# CommView WiFi found enemy protocol MNGT/Probe Resp. sent every 60 sec. to my laptop



## royal1 (Mar 5, 2013)

Hi,
after installing Tamosoft CommView WiFi I analyzed the NW environment in my building and found that my neighbour's wireless AP (on Channel 1) sends packages every 60 sec. to my laptop (on Channel 11 identified with the MAC address) and to other WiFi devices with the protocol "MNGT/Probe Resp". 
What type of information he can collect with this type of protocol?
If you need more information I can supply it.
Thank you.
Royal


----------



## Wand3r3r (Sep 17, 2010)

Sounds like its a broadcast beacon which simply is letting everyone one know the AP is there.

There is no connection to your laptop by this AP. There is also nothing in a AP that gathers information beyond what connects to it.

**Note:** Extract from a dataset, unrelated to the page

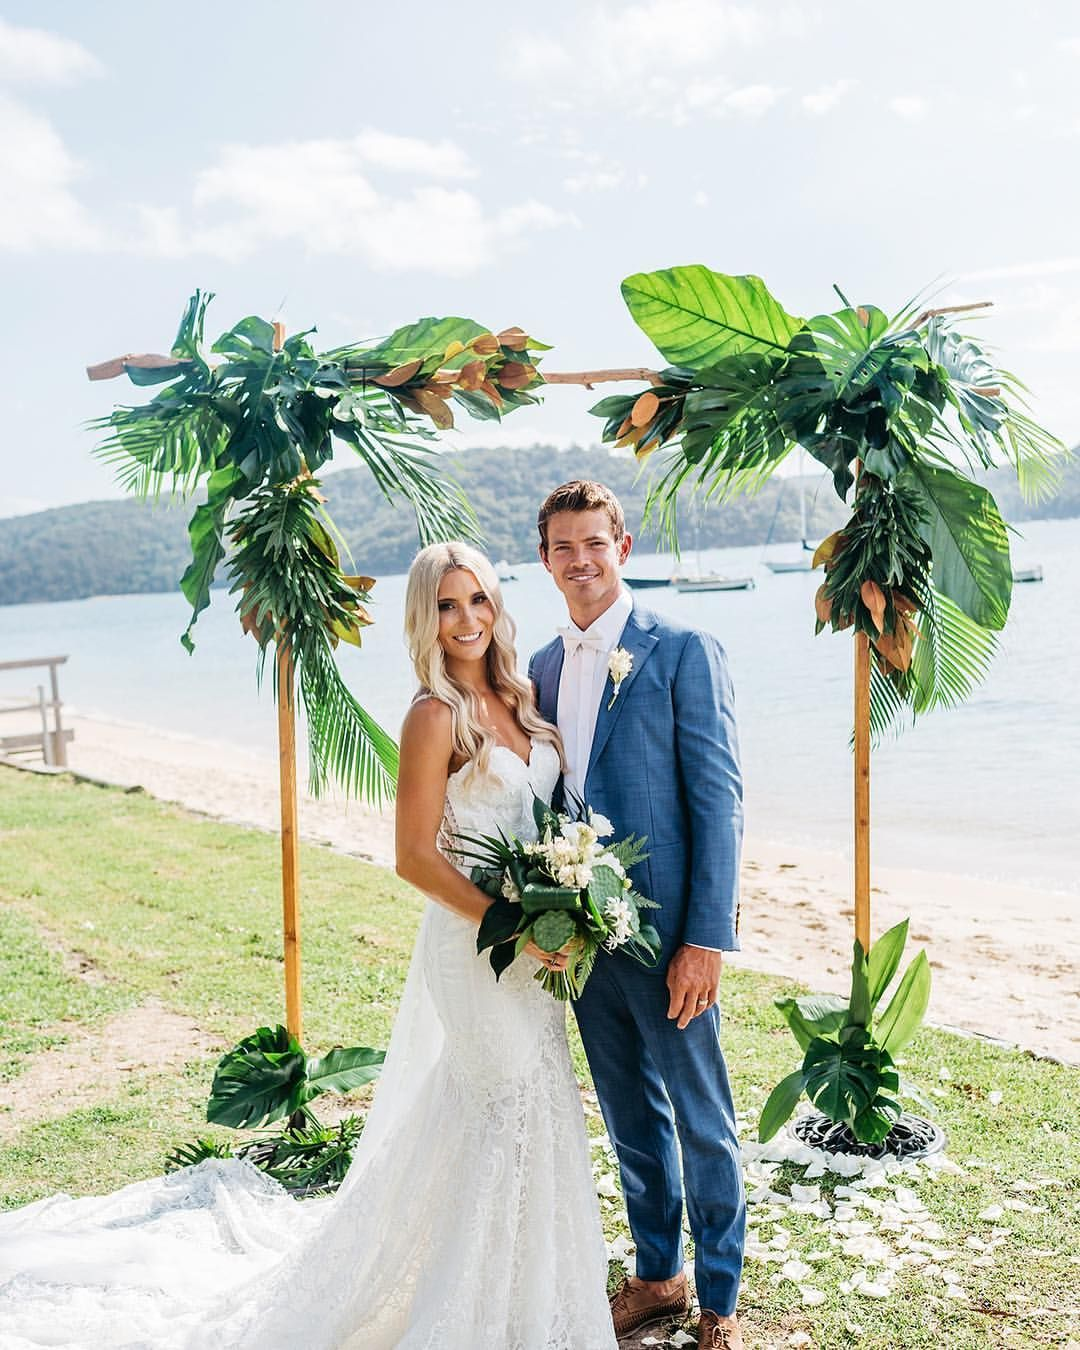 Small Beach Wedding Ideas: Wedding, Tropical Wedding Decor, Wedding
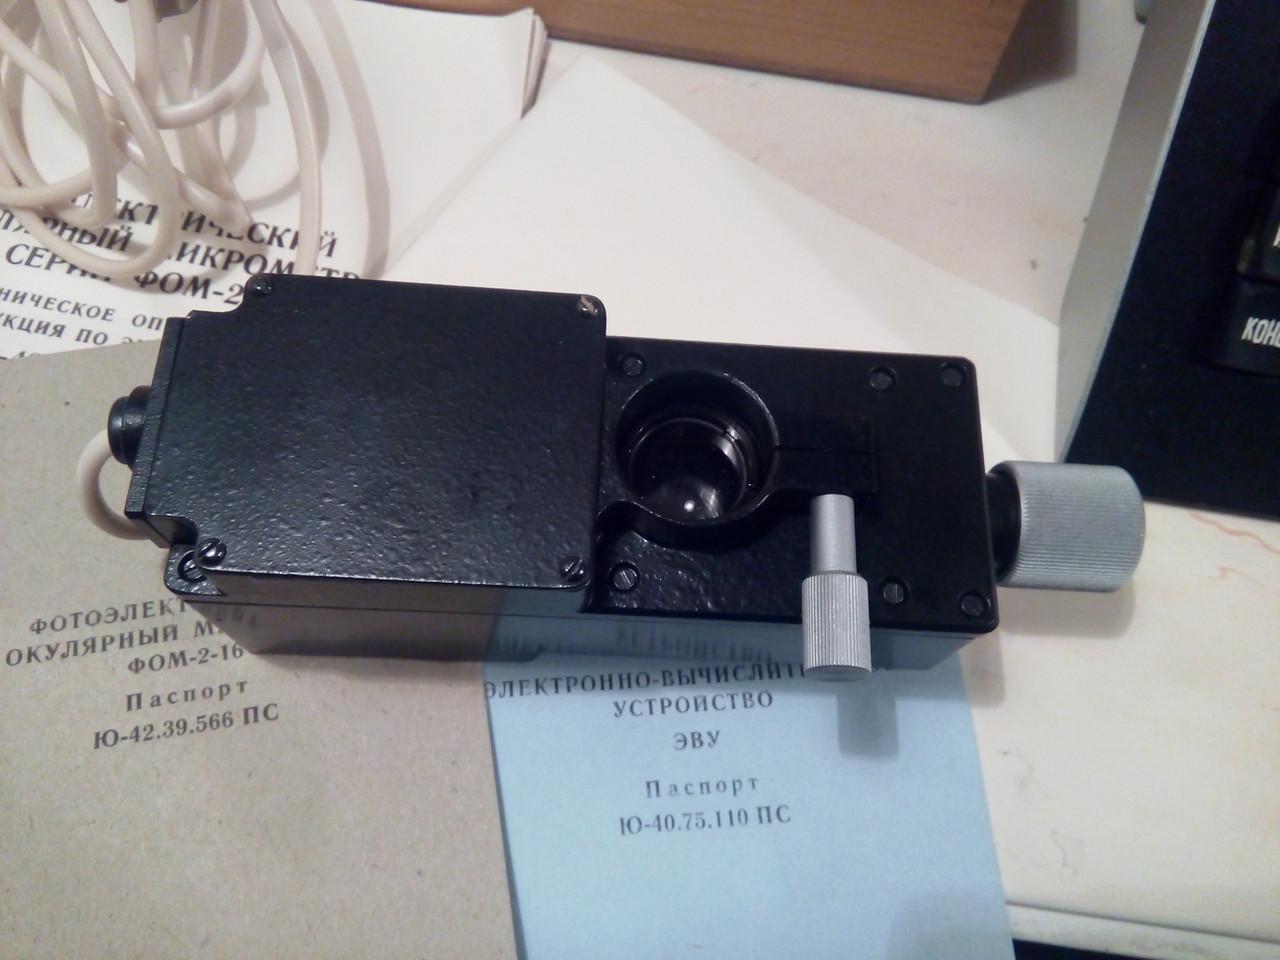 Фотоэлектрический окулярный микрометр ФОМ-2-16 с ЭВУ и принтером(Возможна калибровка в УкрЦСМ), фото 1

There is no "enemy". You are reading more into this than exists.

802.11 Tutorial

review what is under management frame.


----------



## royal1 (Mar 5, 2013)

OK. According to the statistics tool in CommView my neighbour's AP is only sending packets and not receiving. But it sends these management packets ONLY to two-three stations connected to my AP, broadcasting on a different channel. There are more then 30 hosts and AP in the building, according the statistics tool. Is there any explanation for this type of "selective broadcasting"?


----------



## Wand3r3r (Sep 17, 2010)

Beacon frame - Wikipedia, the free encyclopedia

You have nothing to worrry about. Your pcs have no connection to the AP since they are connected to yours.


----------